Efforts to protect vulnerable species are being “undermined” by the release of wild horses into one of the country’s most fragile landscapes, critics say.
NSW Government data obtained by the Invasive Species Council (ISC) has revealed 305 horses were released back into Kosciuszko National Park in the first half of this year.
The figures indicate a total of 1006 animals were captured, but just 701 were removed, and while that is an increase on previous years, the idea of releasing invasive species back into a national park has left conservationists frustrated.
Vulnerable native species, including the northern corroboree frog and broad toothed rat, are likely to have their habitat "smashed" by the horses living in the park, according to ISC’s conservation director James Trezise.
“Australia's alps haven't evolved with hard hoofed animals, so when horses go into these landscapes they degrade the sensitive wetland ecosystems that have evolved over thousands, if not millions of years,” he told Yahoo News Australia.
“One of the major issues is the trampling and muddying of wetland complexes.
“Also they over graze and they trample the grasses, and reduce the habitat structure for native species.”
Authorities say they had no choice but to release horses
Sources within the NSW Government have advised the horses were released in order to comply with RSPCA guidelines relating to humane and ethical treatment of animals.
"Consistent with best practice... heavily pregnant mares, and mares with young foals were released," a NSW National Parks (NPWS) spokesperson added in a statement.
"The release of heavily pregnant mares and mares with young foals has been standard practice in previous years."
NPWS indicated an updated draft wild horse heritage management plan will be released for public consultation in the coming days.
"The plan will safeguard the environmental values of the park – including threatened species, such as those recognised in (Asset of Intergenerational Significance) declarations — while also protecting the heritage values of the wild horses," the spokesperson said.
Key facts about introduced species in Australia
The NSW Government uses 1080 baits to bait foxes, but also native dingoes within national parks
102 cane toads were brought to Australia in 1935, and there are now an estimated 200 million
Wild pigs cost Australia's agriculture industry an estimated $200 million a year
Tasmania and Victoria have given wild deer protected status despite the destruction they cause
Fear horses will learn to avoid being trapped
Over 14,000 horses live inside Kosciuszko National Park, with populations believed to increase by 18 per cent a year, according to estimates.
Horse numbers are "out of control" and this year's removal efforts will not be enough to stop their numbers increasing, according to Mr Trezise, who says more must be done to stop their proliferation.
“Releasing those horses is undermining all the other management efforts because those horses are going to go on and breed,” he said.
“They’re are going to be more wary.
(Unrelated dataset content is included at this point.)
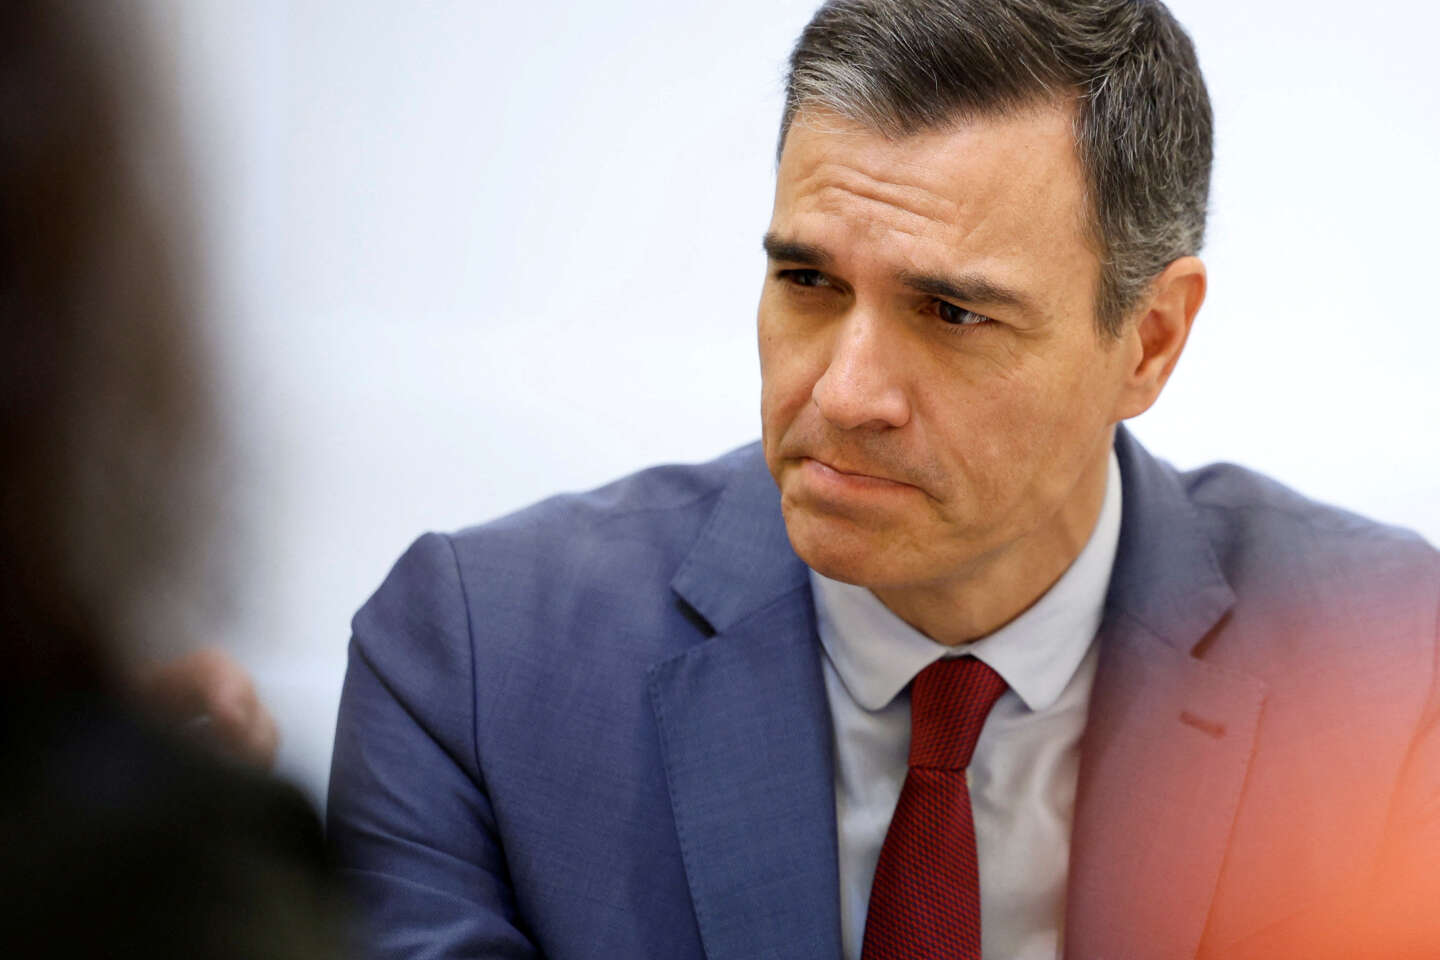 Spanish Prime Minister Pedro Sanchez says he is considering resigning following the opening of a corruption investigation against his wife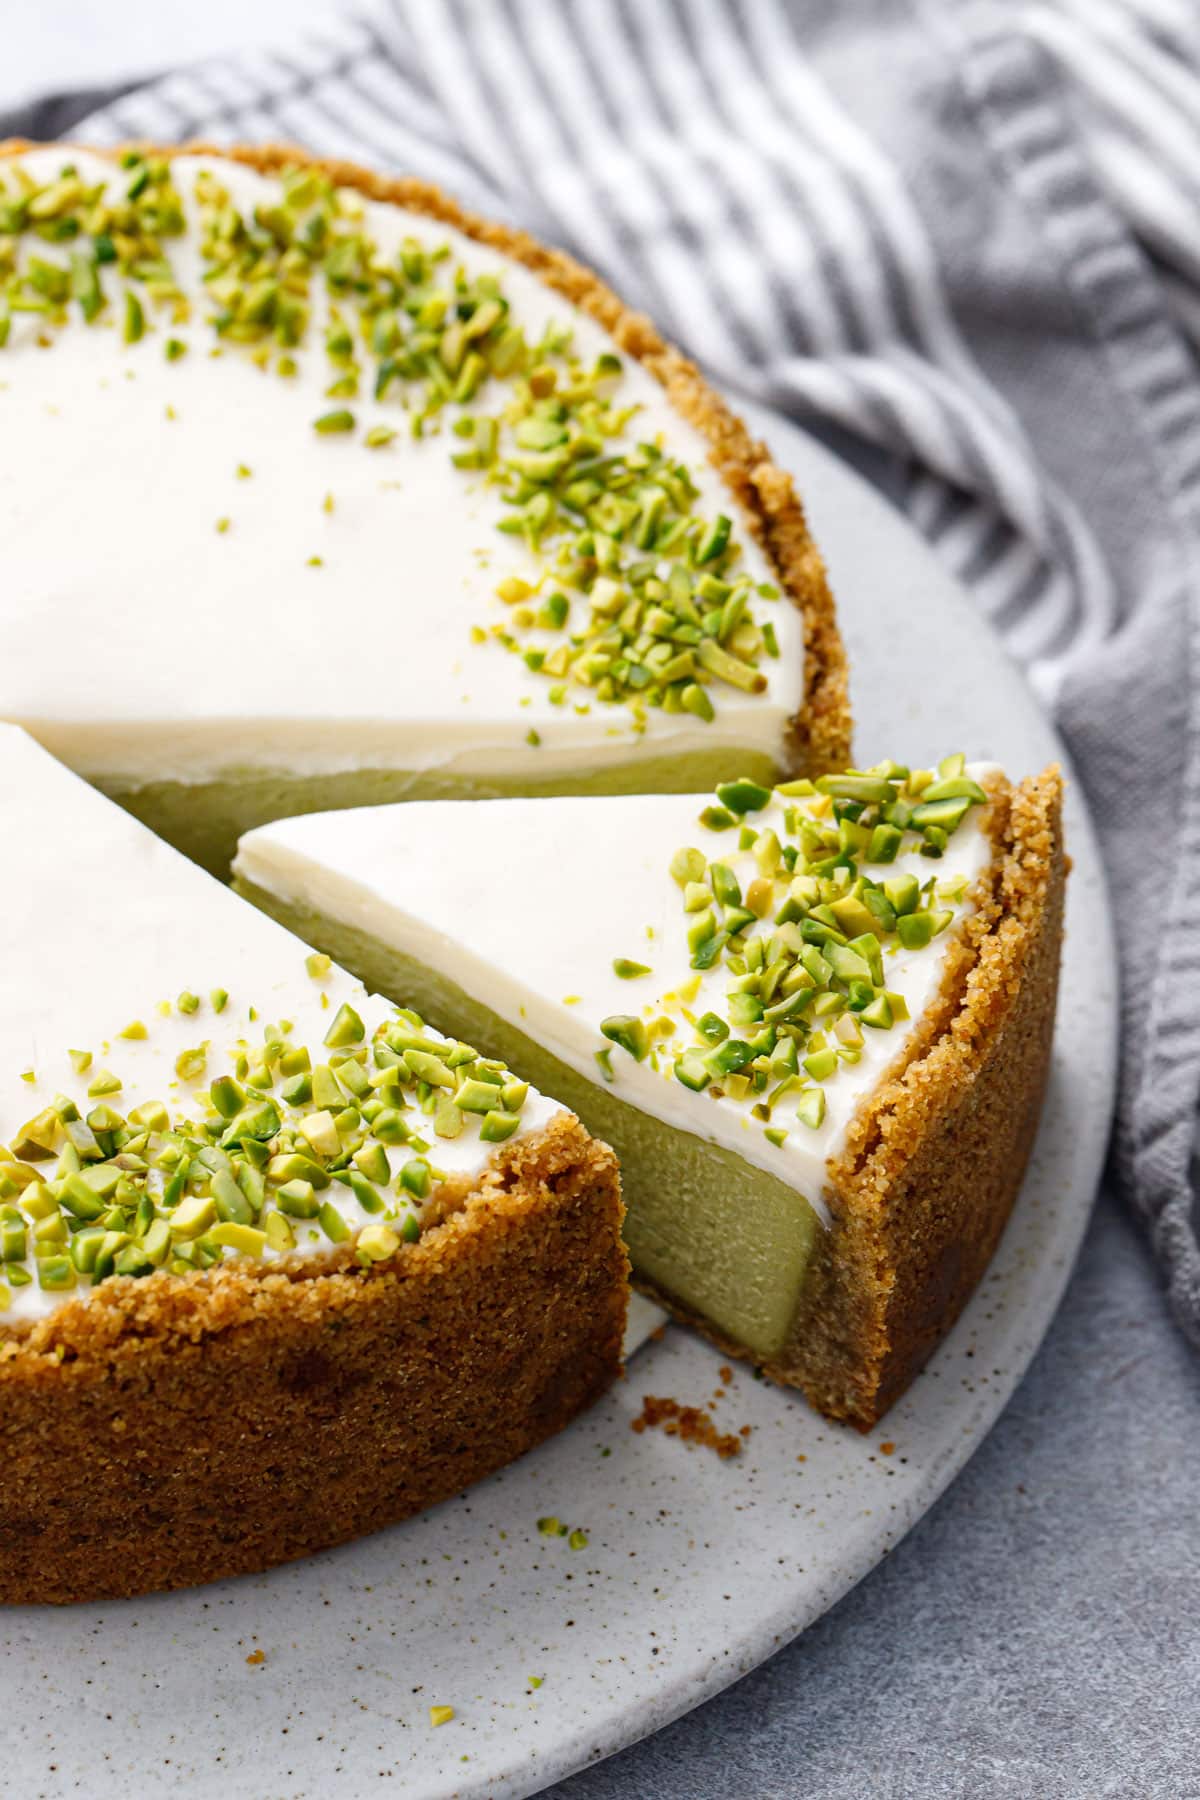 Slice of Pistachio Sour Cream Cheesecake on a flat cake plate, slice pulled out slightly to show the green-tinted filling.

They learn, so they’re going to be much less likely to go into a trap into the future.
“So what we're basically creating is a future population of horses, that's going to be even harder to control.”
Horse numbers skyrocket while under NSW protection
While the NSW Government has a policy of protecting wild horses within the Snowy Mountains, over the border Victoria’s preference is to remove the animals.
The cultivation of the animals within the region stems from a bill introduced by NSW Deputy Premier John Barilaro in 2018 to protect and recognise their “heritage value and cultural significance”.
“Wild brumbies have been roaming the Australian alps for almost 200 years and are part of the cultural fabric and folklore of the high country,” Mr Barilaro said before introducing the bill.
In the intervening years, their numbers have consistently increased, growing from approximately 4400 horses to a peak of around 19,000 horses in 2020, and Mr Barilaro declared in January that their numbers should be cut.
Unlike previous years, the majority of horses removed from the park were approved for rehoming, with just 14 sent to slaughter at a knackery and three euthanised on site, according to the data.